Assessing Bacteria-Host Cell Interactions Using Biomimetic Beads

Take a multi-well plate containing a mammalian epithelial cell culture.

In the test wells, add a bacterial pathogen along with polymer beads coupled to bacterial surface proteins.

In the control wells, add the pathogen and beads lacking bacterial surface proteins. Incubate.

In the test wells, the beads mimic the bacterial surface and compete with the pathogen for binding to epithelial cell membrane phosphatidic acid, reducing bacterial attachment.

In the control wells, beads do not affect bacterial attachment.

Remove the media and wash with buffer to eliminate unbound components.

Incubate with a non-ionic detergent to lyse the cells, releasing membrane-attached bacteria and beads.

Pipette the lysate to create a homogeneous suspension, and serially dilute the homogenate using buffer.
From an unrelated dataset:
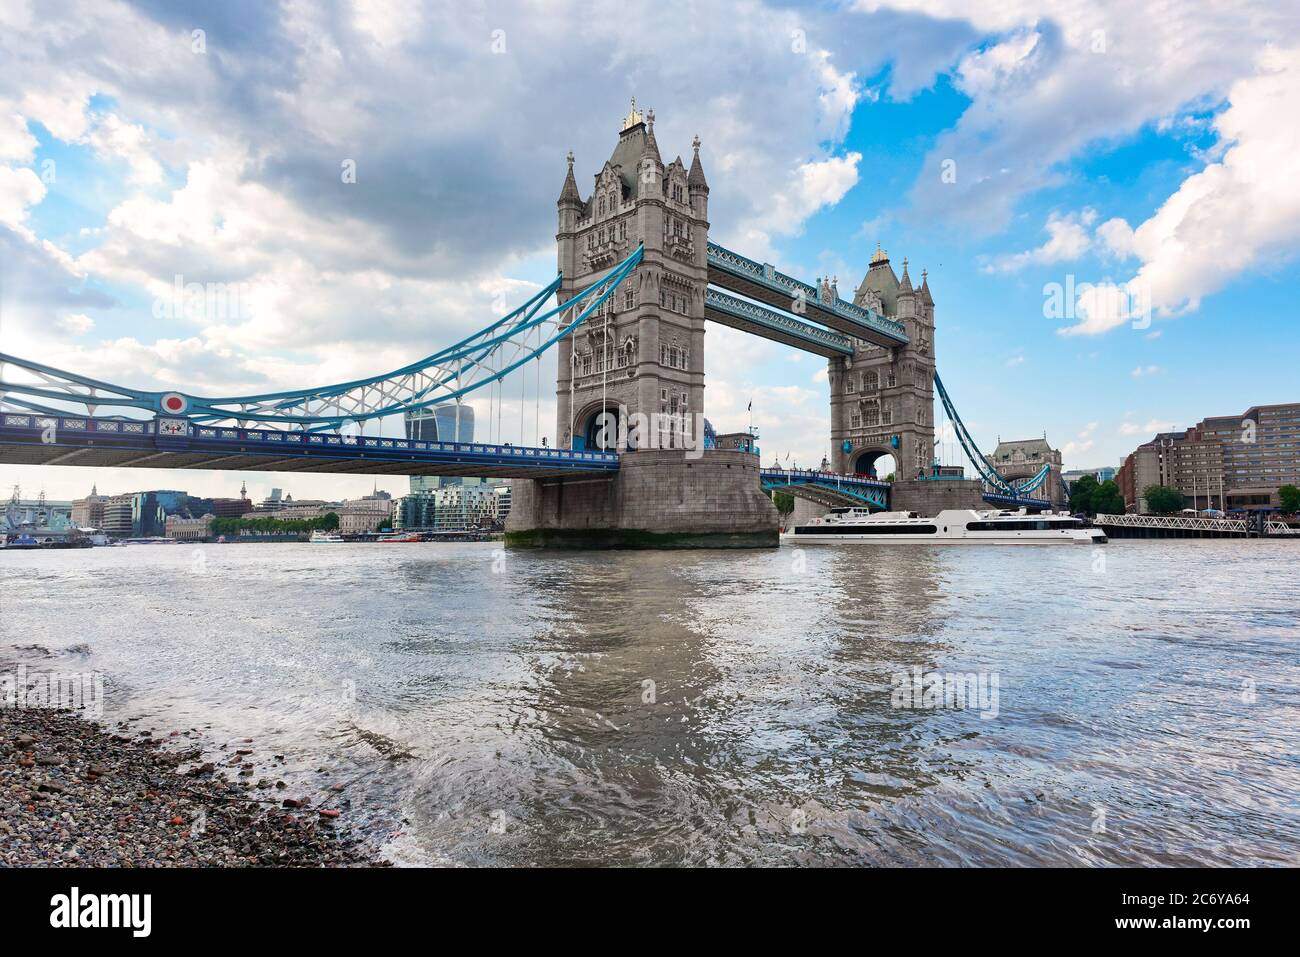 Die berühmte Tower Bridge in London am späten Nachmittag. Die Brücke überquert die Themse in der Nähe des Tower of London Stockfoto

Transfer the dilutions onto agar plates, incubate to allow colony formation, and count the colonies.

The test plate exhibits fewer colonies than the controls, indicating reduced bacterial-host interactions.

Prepare infection media by diluting bacterial cultures into colorless DMEM without additives.

Prewarmed to 37 degrees Celsius containing 10% volume to volume bead suspension. To give an MOI of 10, prepare one milliliter per well and 10 to 20%excess volume per sample. Remove the old medium from the wells and wash the cultured HeLa cells by adding to each well one milliliter of sterile PBS prewarm to 37 degrees Celsius. Remove the PBS and add one milliliter of infection medium per well. Add solutions containing control beads and bacteria as positive controls and adhesion beads and no bacteria as negative controls.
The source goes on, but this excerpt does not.